Эпиграмма действительно злая, оскорбительная. Насколько сильна была обида Муравьёва, не знаю. Думаю, что и сам он, как известный в своем кругу острослов, понимал – русскому человеку упустить повод для красного словца просто грешно. Но тут была и другая, как мы теперь говорим, подсознательная причина для колкого словца. О том чуть позже.
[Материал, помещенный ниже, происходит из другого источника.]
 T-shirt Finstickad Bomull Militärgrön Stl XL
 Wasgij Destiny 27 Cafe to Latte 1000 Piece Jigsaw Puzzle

Муравьев, разумеется, в долгу не остался. Его ответ был и короче, и успешней. Он мгновенно оказался на устах всего Петербурга:

Как не злиться Митрофану:

Аполлон обидел нас.

Посадил он обезьяну

В первом месте на Парнас.

Перестрелка эпиграммами завязалась. Пушкин подготовил еще одну, больше всё-таки грубую, чем остроумную, если быть справедливым:

Не всех беснующих людей

Бог истребил в Тивериаде:

И из утопленных свиней

Одна осталась в Петрограде.

Пушкин явно перегибал. Чувствуется во всем этом какой-то не совсем достойный вызов. Что-то его направляло в этом далеко не изящном острословии.

Последнюю из процитированных эпиграмм он передал в 1827 году Погодину, чтобы тот напечатал её в своем популярном «Московском вестнике».

Потом произошёл эпизод, повергший М.Н. Погодина в некоторое недоумение.

«Встретясь со мною вскоре по выходе книги, – вспоминал М.П., – он был очень доволен и сказал: “Однако ж, чтоб не вышло чего из этой эпиграммы. Мне предсказана смерть от белого человека или белой лошади, а НН – и белый человек и лошадь”».

Не совсем достойное остроумие по поводу Муравьёва продолжилось в новой форме.

Веневитинов, рассказывая о суеверии Пушкина, передал, что тот со времени предсказания всегда очень аккуратно «кладёт ногу в стремя и обязательно подаёт руку белому человеку».